The group takes the name of Myrtle and Maroon Dramatics Club.

December 1894
Thumbnail: cover from Myrtle & Maroon performance of A GRAIN OF
TRUTH

" ... The first performance [of the Myrtle and Maroon Dramatics Club] will be given January 17th next at the Germania Theater, and the play selected for the occasion is one written by Professor Dumay and entitled A Grain of Truth.. It is a good humored, but keen satire on certain ludicrous phases of American society life, and has been pronounced a thorough success by those competent to judge. The members are rehearsing three times a week, and are making rapid progress. The formation of the Club marks an era in the life of the University ..."
(Student Life).

January 1905
University takes possession of the Hilltop Campus following the close of the World's Fair. A room between the towers of Brookings serves as the campus' first chapel, and a student-led Chapel Choir provides music at the weekly services. A room on the west side of Cupples II (now Room 107) is assigned to the dramatics club. Later known as "Thyrsus Theater," Cupples II Room 107 served as an important rehearsal and performing space until the early 20s, when Thyrsus Theater moved to a YMCA hut south of today's Umrath Hall. The stage in Cupples Hall was on the north end of the room, approximately 16 feet deep, with room for an audience of seventy. Actors entered through a backstage window and any dressing that could be done in the public eye was done in front of the curtain.

1906
Thumbnail of program from THE TITLE MART The Title Mart bids fair to break the record of Dramatic Club productions. Advance orders for seats have been so numerous that even before the tickets were issued almost half the house had been sold for the evening performance. Without doubt, the "S.R.O." sign will be hung out tonight. Indications point to a good matinee crowd also. Reports from the committee in charge [of] the Temple Israel benefit state that standing room was being sold over a week ago, and that a very pretty sum will be realized. They say that the fact that the Dramatic Club of W.U. is giving the play is causing a great demand for the seats. Verily, our fame is spreading. The cry is: If we only had an auditorium!" (Student Life)

February 20, 1907
image show name THYRSUS "What's in a name? This was one of the chief topics discussed at the regular meeting of the Dramatic Club last Wednesday. After mature deliberation the club selected for its official name, "Thyrsus," suggested by Prof. Holmes Smith and proposed to the club by Mr. Starbird. The name signifies a pine cone, which was the symbol of Dionysus, the Greek god of the drama. In selecting such a name, the club is doing wisely, as the former name was entirely too long and too ordinary, while "Thyrsus" is terse, sounds well, and has some significance." (Student Life)

1907
First women's glee club forms.

1909
Thumbnail - Graham Chapel interior, ca. 1909 Graham Chapel dedicated; Chapel Choir reorganizes under the direction of Charles Galloway, University Organist, who directs the group until his death in 1932.
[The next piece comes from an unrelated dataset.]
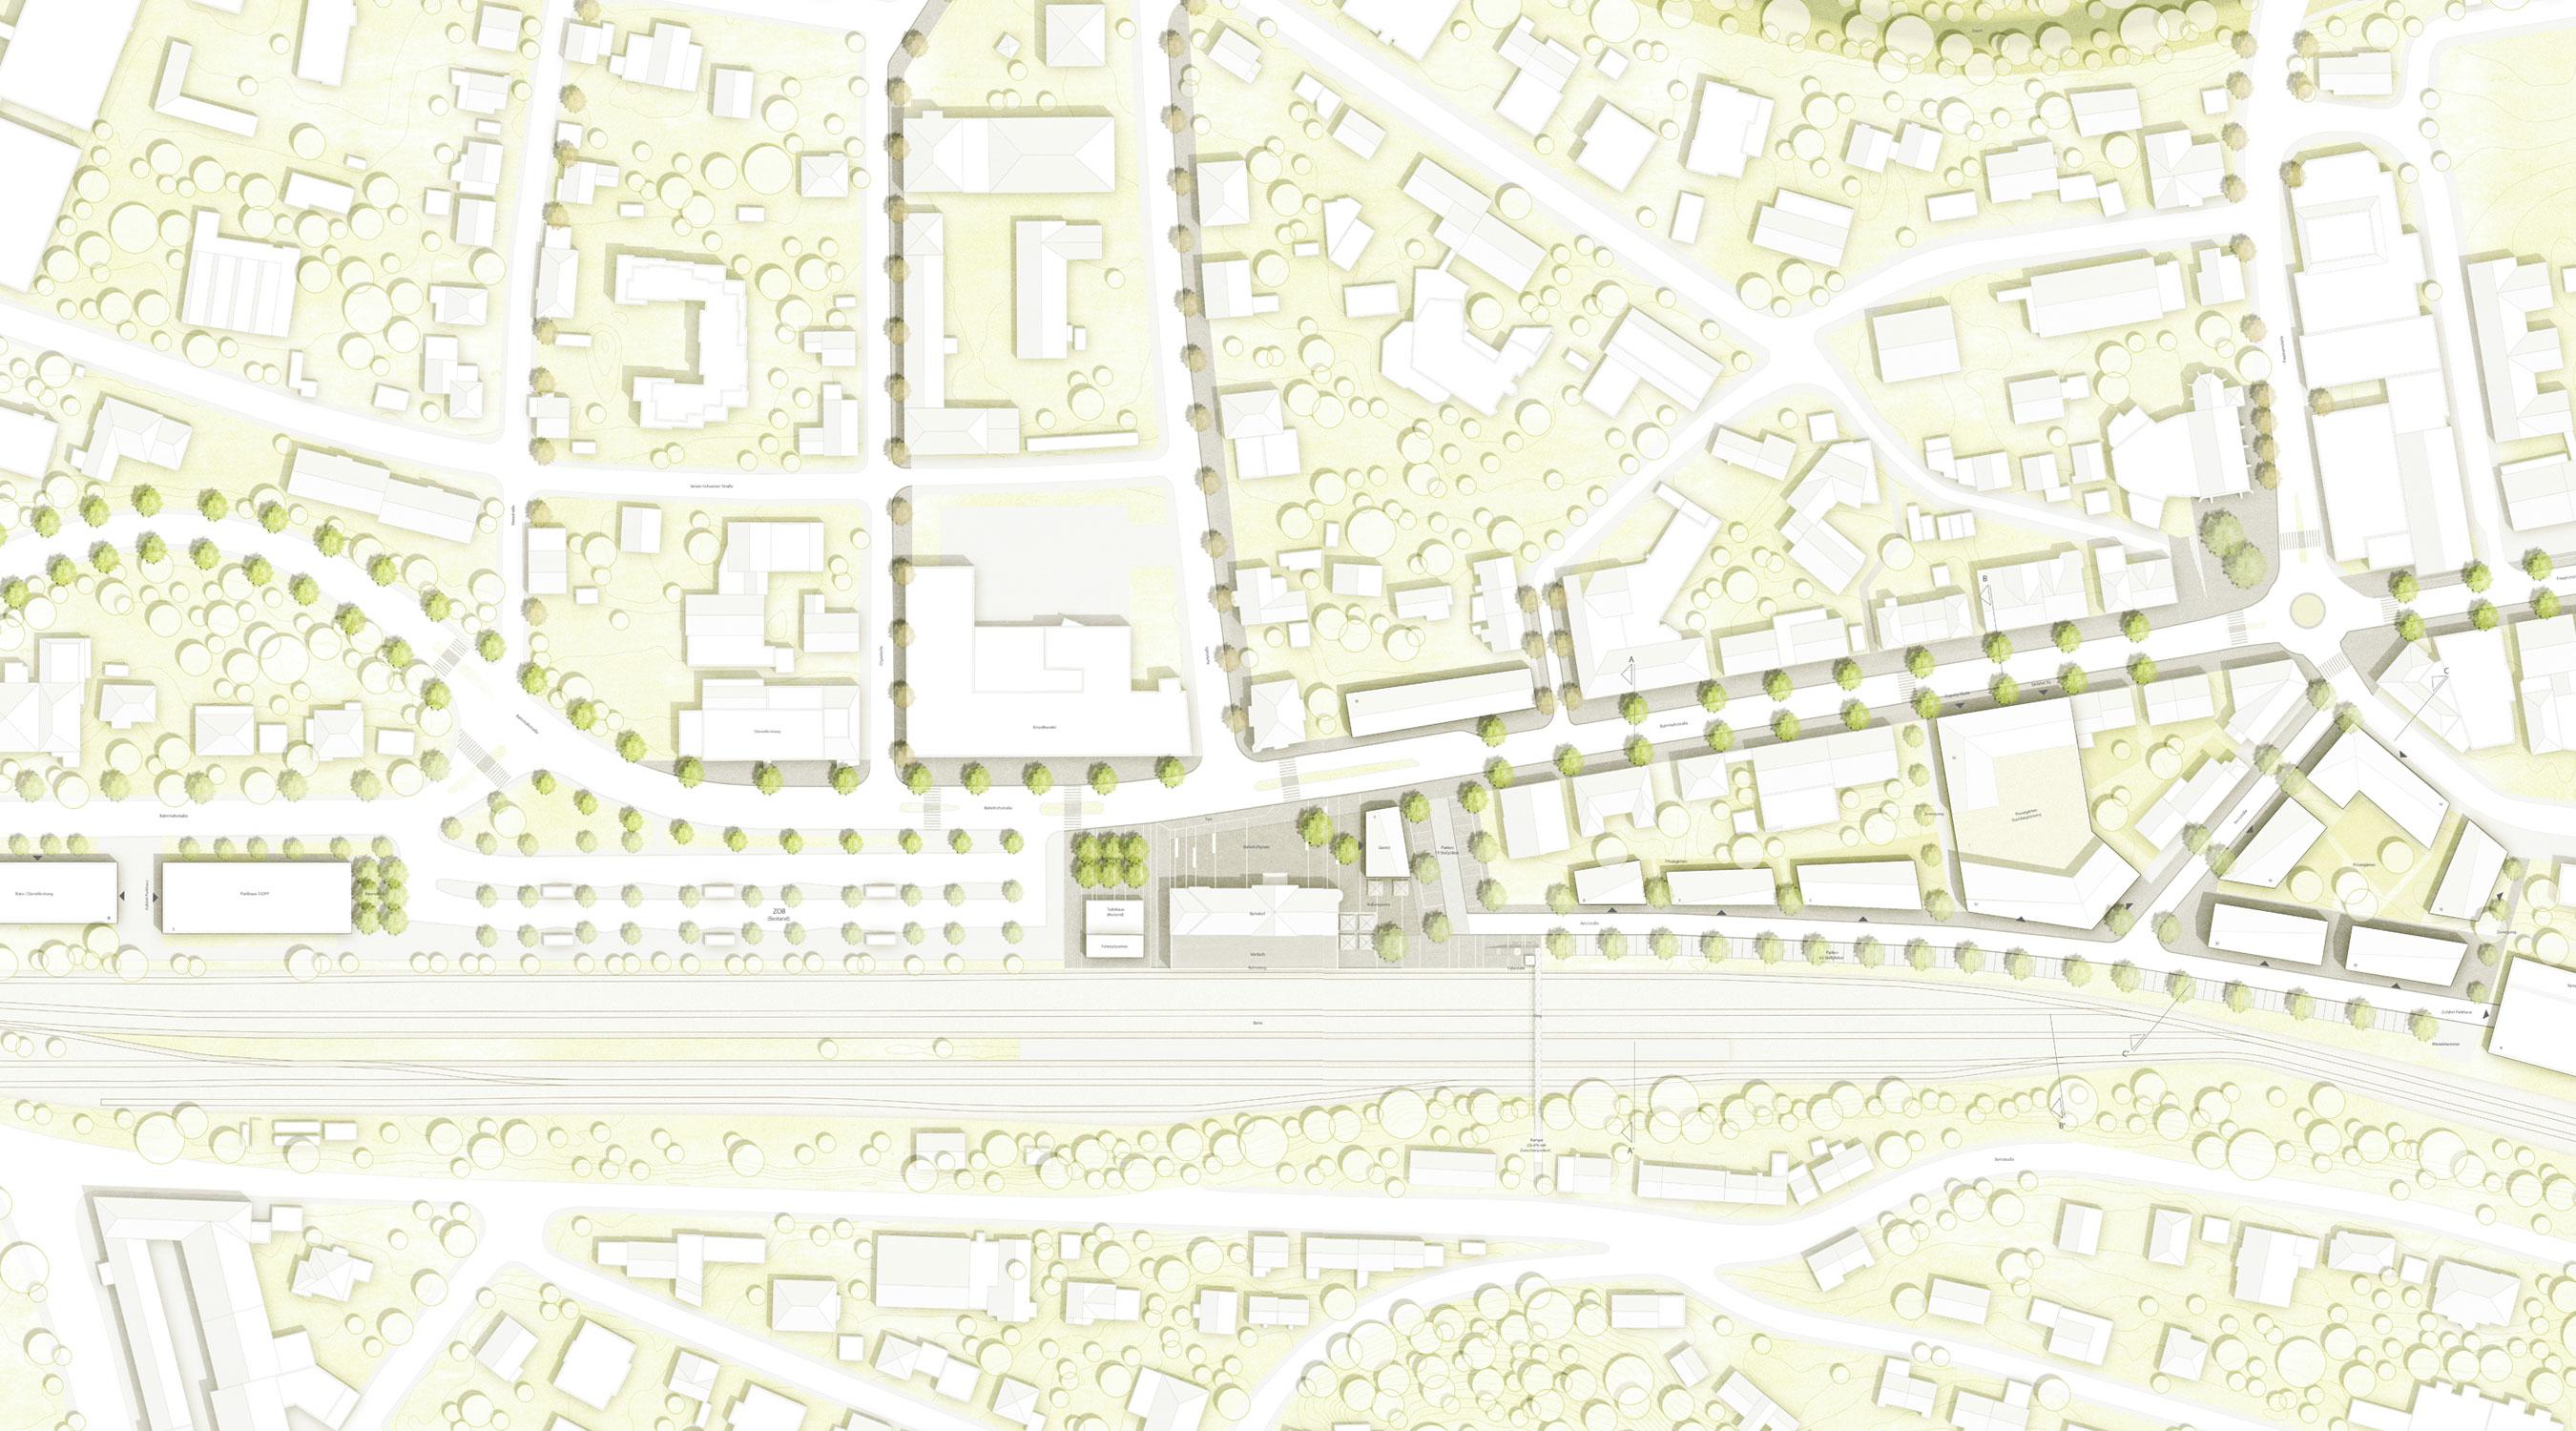 Bahnhofplatz Stadteingang Nord Balingen Lageplan
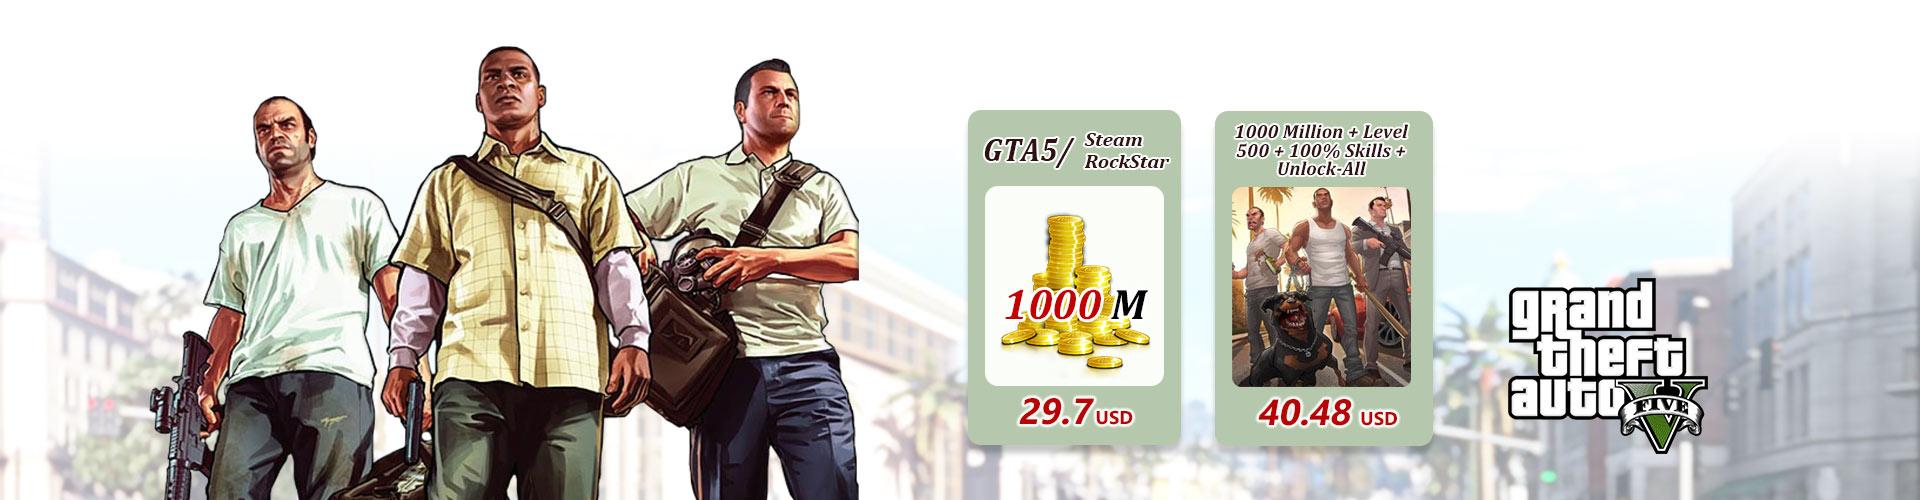 GVGMall GTA 5

Fannie Hurst, in costume for THE GOOD NATURED MAN, 1907 1909
Fannie Hurst (AB 1909) writes the book and lyrics for the senior class play, The Official Chaperone. Hurst recruits Arthur Proetz (AB 1910) as musical director for the production, and for the next several years, Proetz's song writing talents would be an integral part of W.U. student theater. Proetz described the music for Official Chaperone as "written by a number of first-line contemporary composers with shows currently on Broadway, whether they knew it or not." (Washington University Alumni Bulletin, 1950)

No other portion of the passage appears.